Wherever pictures appear in the listing below, leave them out, and copy exactly, and only, everything from the line with "I Consider My" down to the line with "iron and leather dining chairs".

» **Available records**:
—————

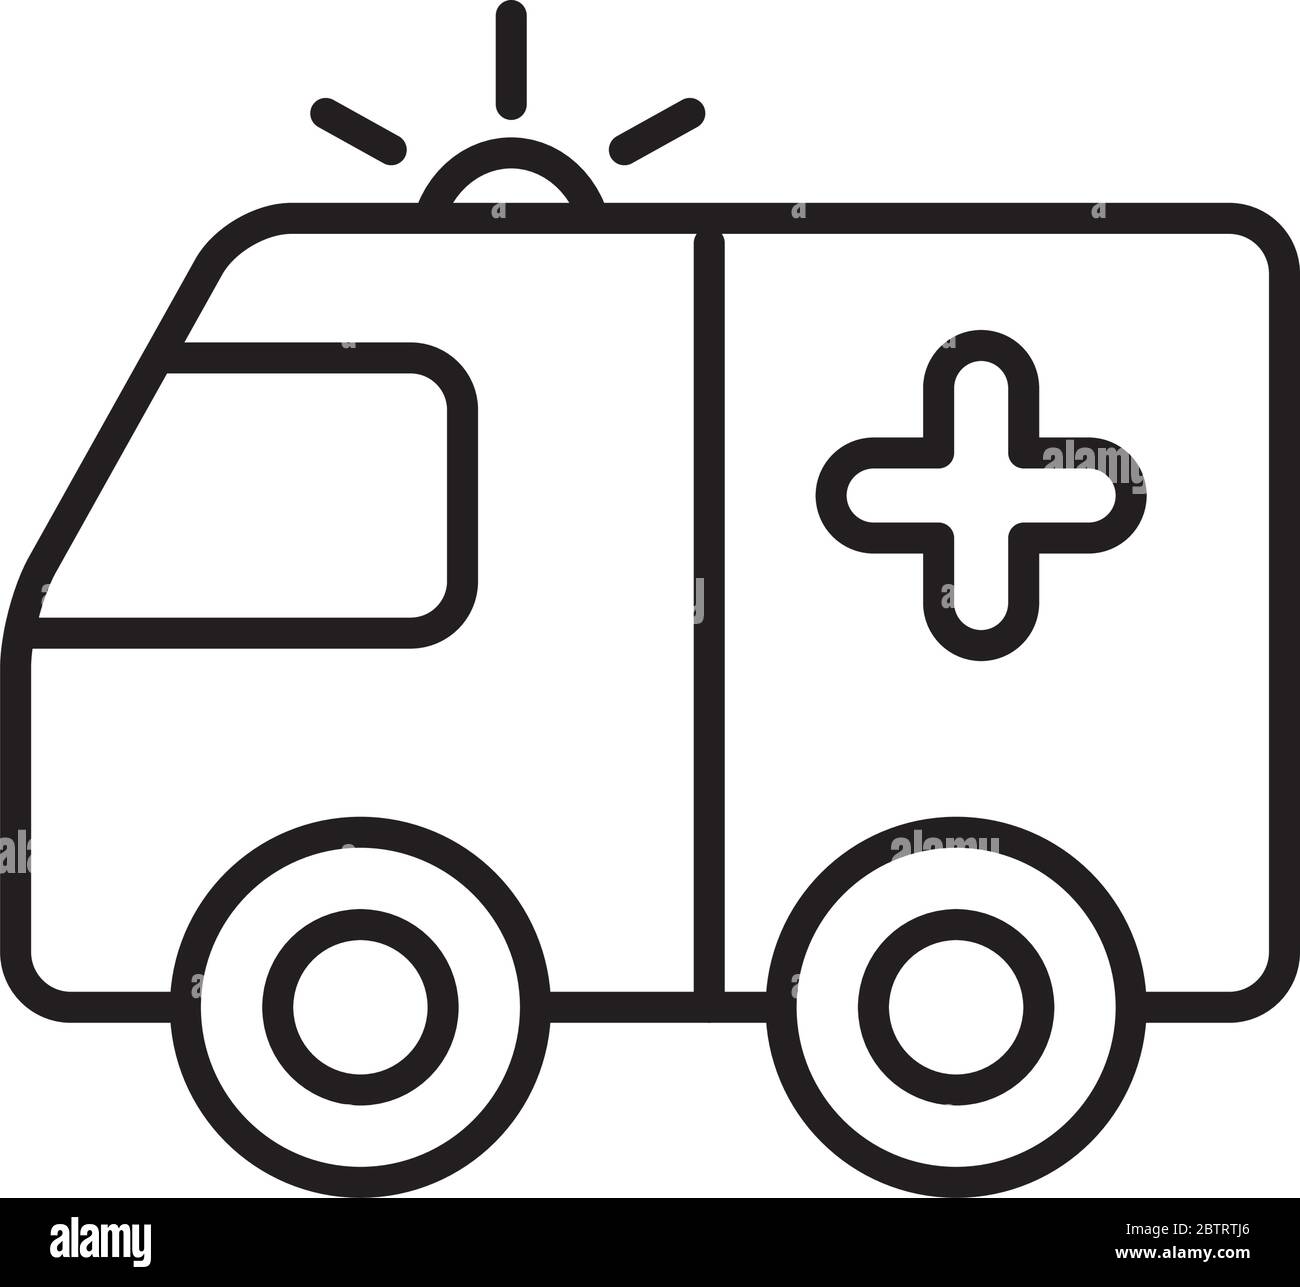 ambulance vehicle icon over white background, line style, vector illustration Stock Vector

—————

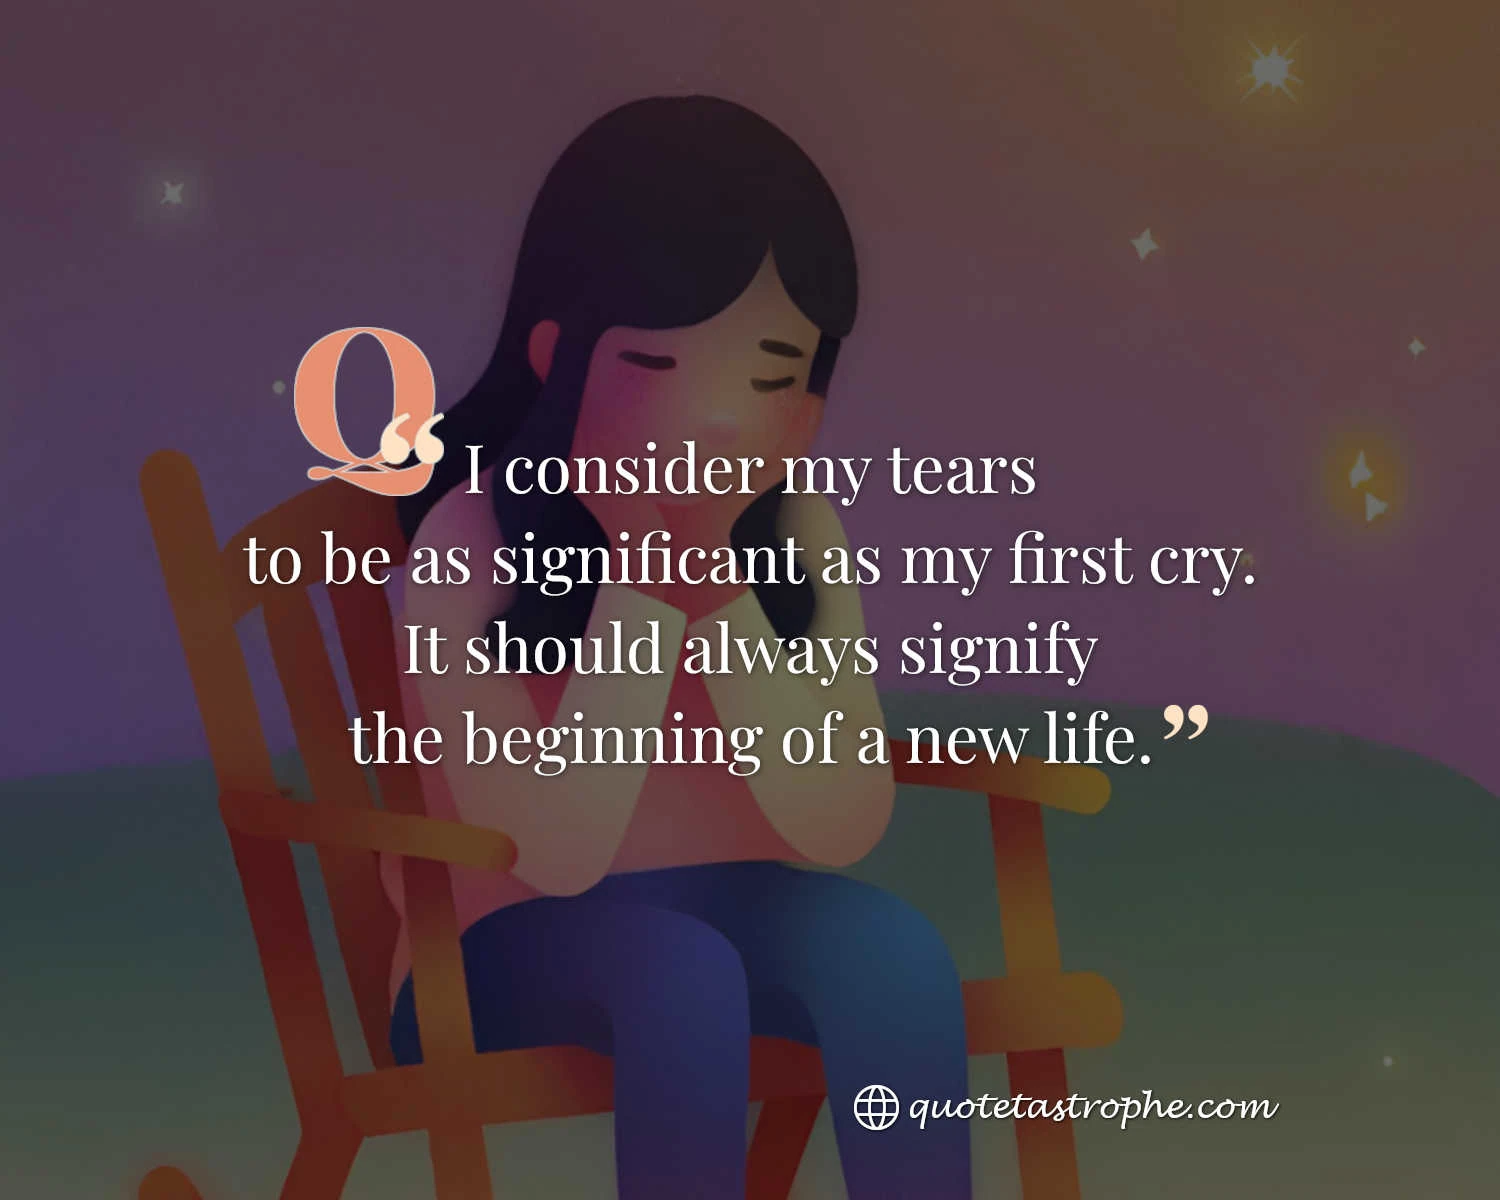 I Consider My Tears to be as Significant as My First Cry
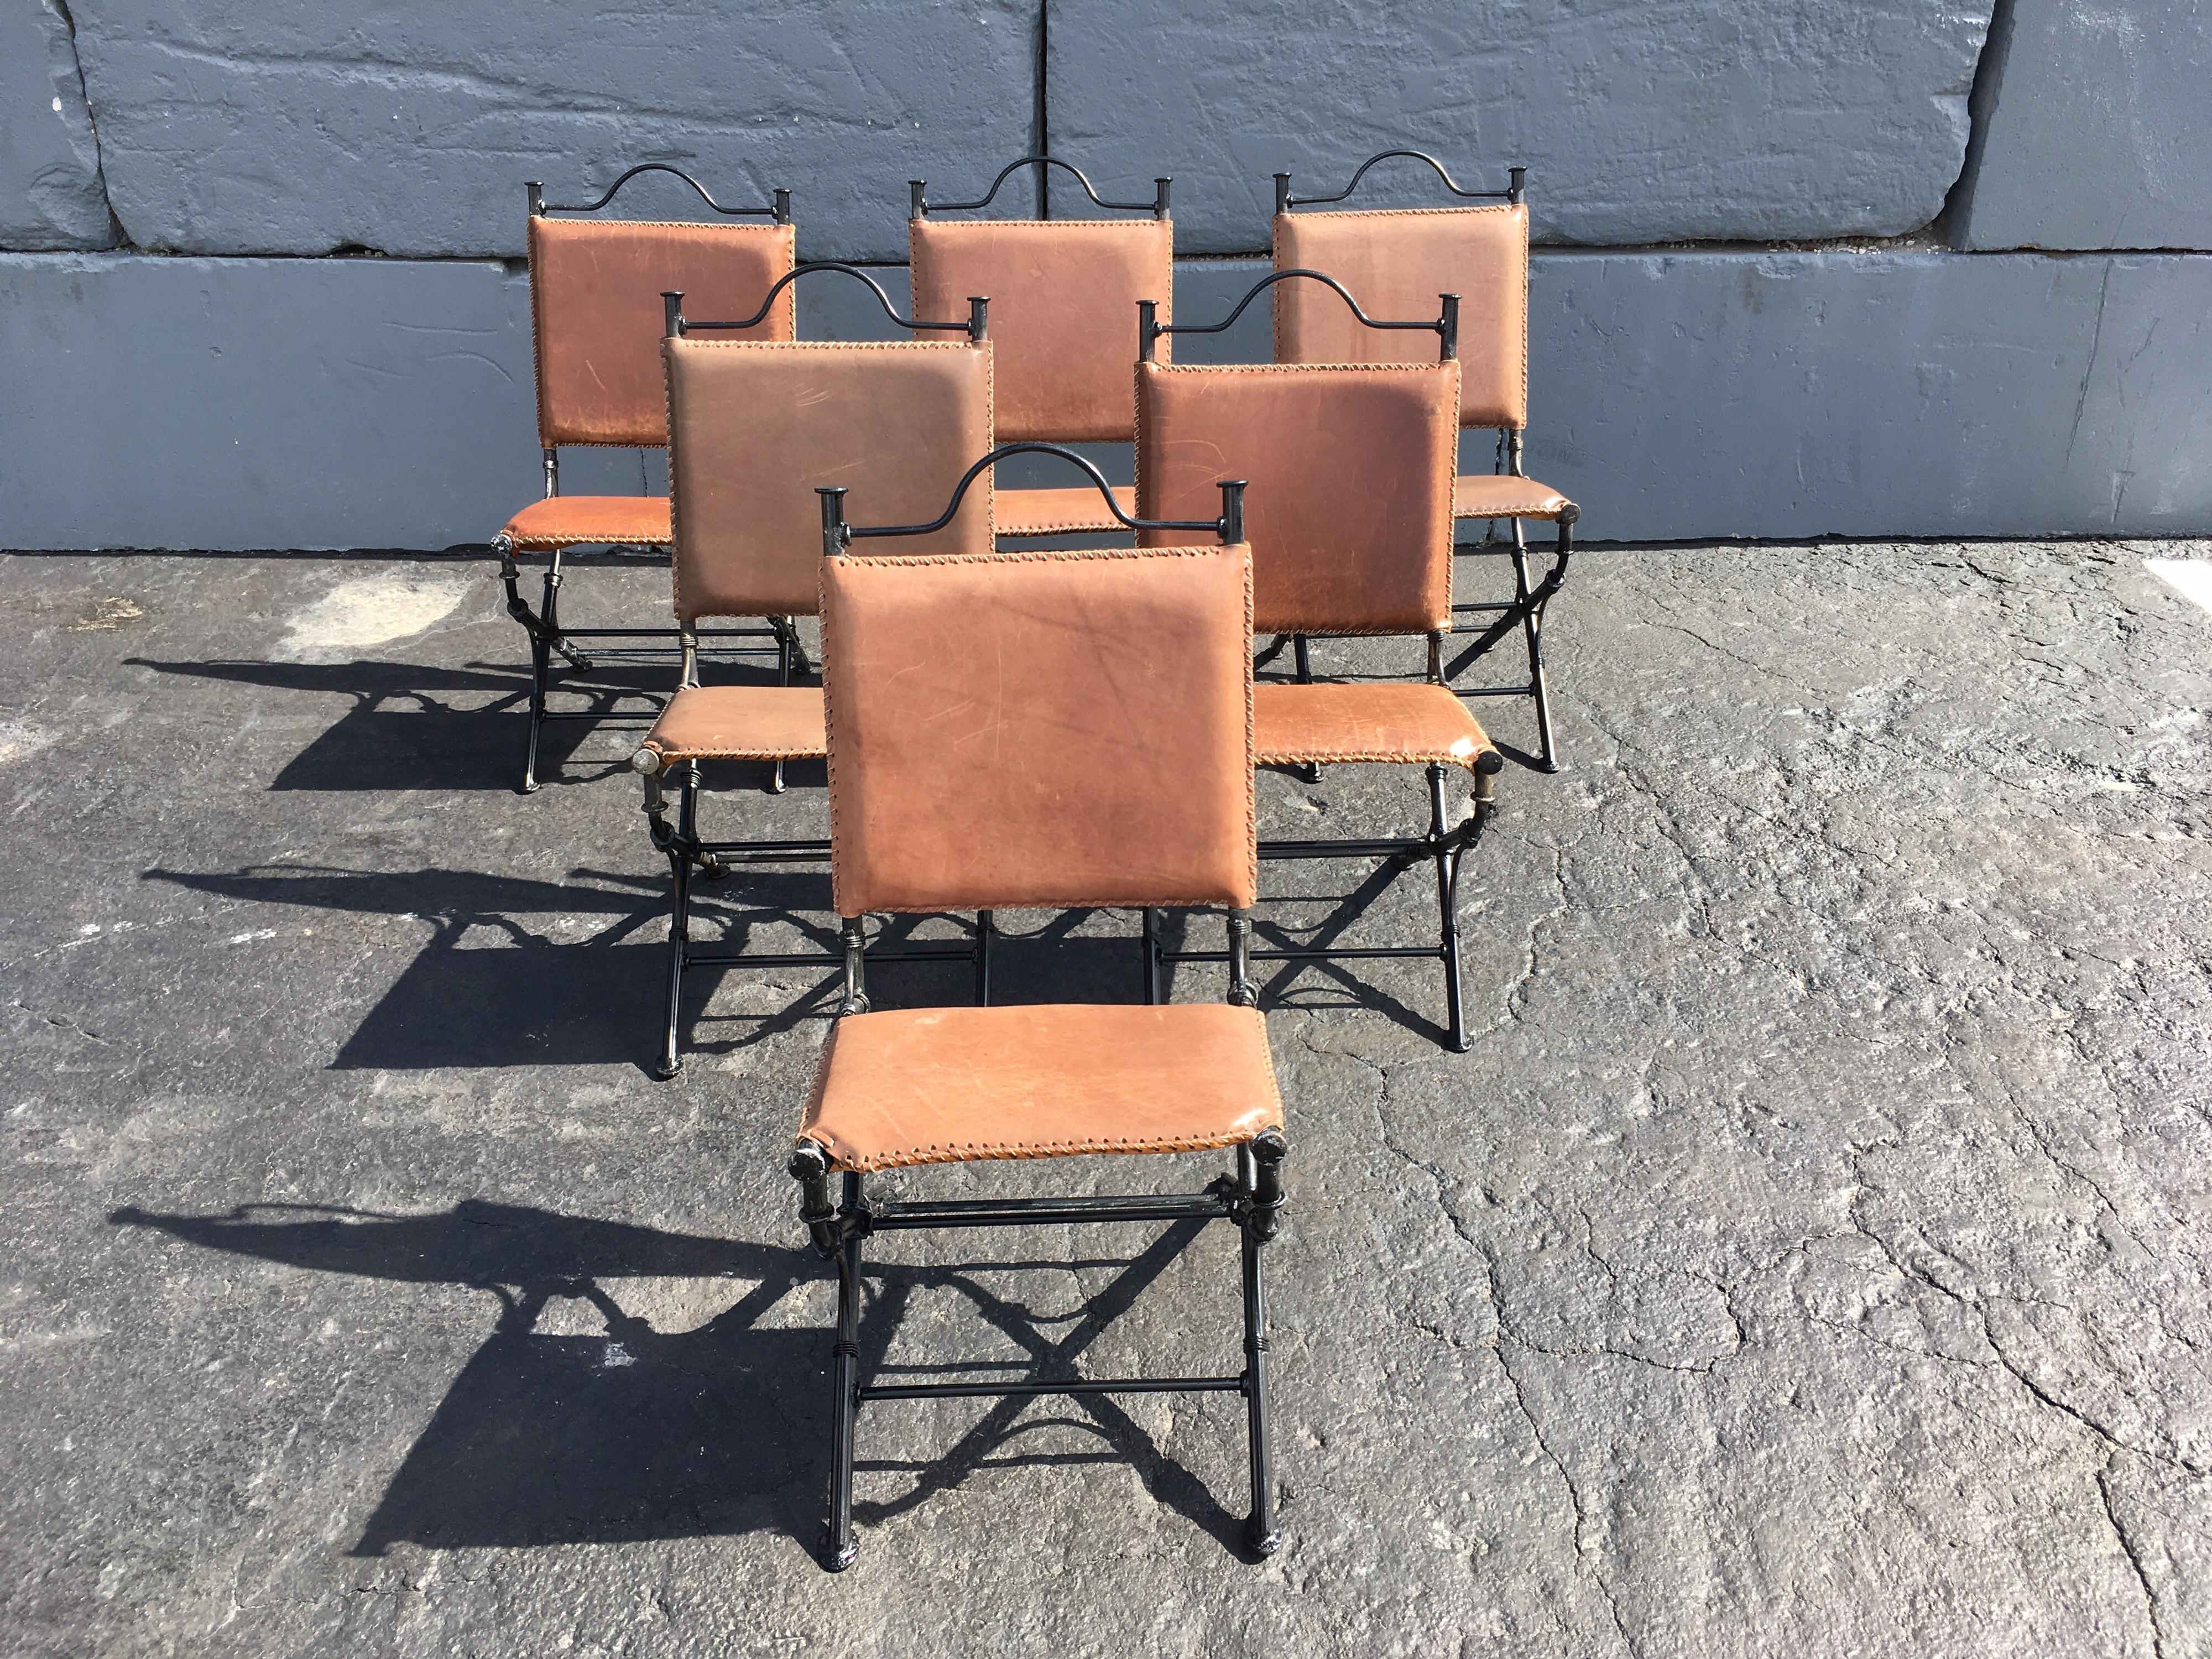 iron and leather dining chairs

—————

» **Result of this task**:
 I Consider My Tears to be as Significant as My First Cry
 iron and leather dining chairs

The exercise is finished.